Dad’s First Diaper

For the readers out there that haven’t experienced having children yet, let this be a cautionary tale, and perhaps a glimpse into your future.  For the Dads and Moms that have already been through it, I apologize if this entry brings back any PTSD – Post Traumatic Shitty Diaper.

My entire life I have had an unusual sensitivity to smells.  A quick waft of anything remotely rancid and I will respond with the quickest trigger dry-heave you have ever witnessed.  Walking down the streets of Bourbon Street in New Orleans during St. Patty’s day was, without a doubt, the single largest combination of putrid smells I have experienced in my life.  The unique blend of stagnant rainwater, restaurant waste, construction exhaust, alcohol, vomit, human urine, and horse excrement (from cops on horses) was a potent encounter. An onlooker may have thought I needed the Heimlich performed on me with the amount of gagging that commenced. (Side note: I LOVE New Orleans, just avoid Bourbon Street during festivals).

Are you still reading? Even after that last paragraph? Impressive, let’s continue with the point. The point is my nose has made me attempt to avoid situations that could be conducive to retching for as long as I can remember.  If someone got sick in my vicinity growing up, you can rest assured I’d have some sympathy sickness coming up if I did not leave the room immediately. Avoidance was my only reprieve. I was an incredibly helpful uncle to my nieces and nephews, unless that baby filled up their diaper, then I was handing it off like I was trying to run out the clock. But as the due date got closer for the birth of my first daughter, I could feel the anxiety creeping in…the showdown that was to come.

It was a rainy afternoon in early August in Roanoke, Virginia.  I had just watched my wife go through 26 hours of back-labored childbirth.  Superhero status.  My daughter was peacefully resting in the rollaway bassinet in the corner of the room. I had just helped Meredith out of bed and into the restroom for an icepack change when I heard it.  The grunts, the groans, the strains, the gurgle…that’s a full diaper, I already know it.  Damn. 

Maybe she’ll be out in a minute?  I should give it a minute…right?  No, Andrew! You’ve just watched your wife have a bowling ball snatched from her loins! Muster up whatever courage you’ve got, you can do this!

I go in.  Eyes squinting, shirt pulled over my mouth and nose, real Wild West cowboy stuff.  Undo the swaddle, unbutton the onesie, confirm the nasty business has been done.  Check.  Find the wipes and the clean diaper. Is that Meredith?

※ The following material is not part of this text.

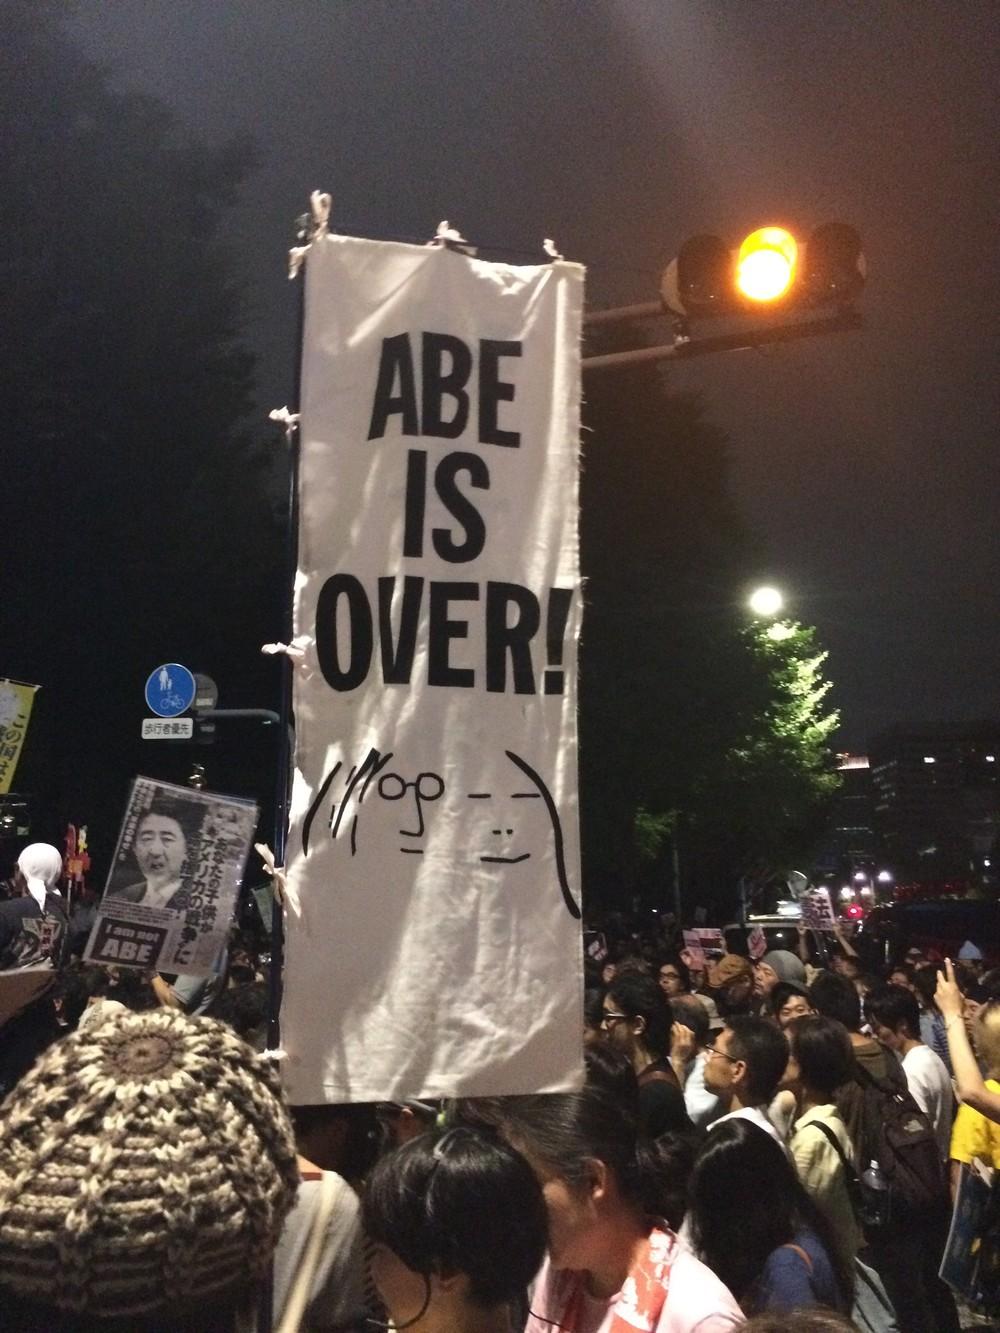 デモに参加すると「就活が不利になる」 SNSや掲示板で拡散する話は本当なのか

Could have sworn I heard her.  Maybe I should let her have this one.  No, you coward! She’s got more iced packed down low than if she was the catch of the day!

Press on.  I undo the Velcro from the diaper tabs and reveal the package.  Oh God. OH GOD WHY? The humanity! The color, the consistency, it’s as if someone changed the motor oil in this baby, how could it possibly be this dark? I wipe, then wipe again, then again.  Get this muck to the trash, ASAP! As I move to dispose of the carnage, my shirt slips off my nose and mouth and I panic preparing for the rotten fumes preparing to overtake me… But, what’s this? It doesn’t smell. How? How can this sludge that might as well have been dredged off the bottom of a swamp not smell? Am I conscious? Did I pass out?

No, I’m still alive and breathing and this handful doesn’t stink.  Is this divine intervention, or divine design? God had to know my apprehension and made it this way so that I could succeed in this endeavor.  Just as Andy Dufresne escaped Shawshank, I went through a river of shit and came out clean on the other side.

My advice to prospective parents, if you’re anything like me and are sensitive to these encounters, change the first diaper. Fear is erased, you’ve conquered it, and for the last 3 years there’s only been one dry-heave inducing experience that I’ve had as a dad, and we can thank the stomach bug for that one.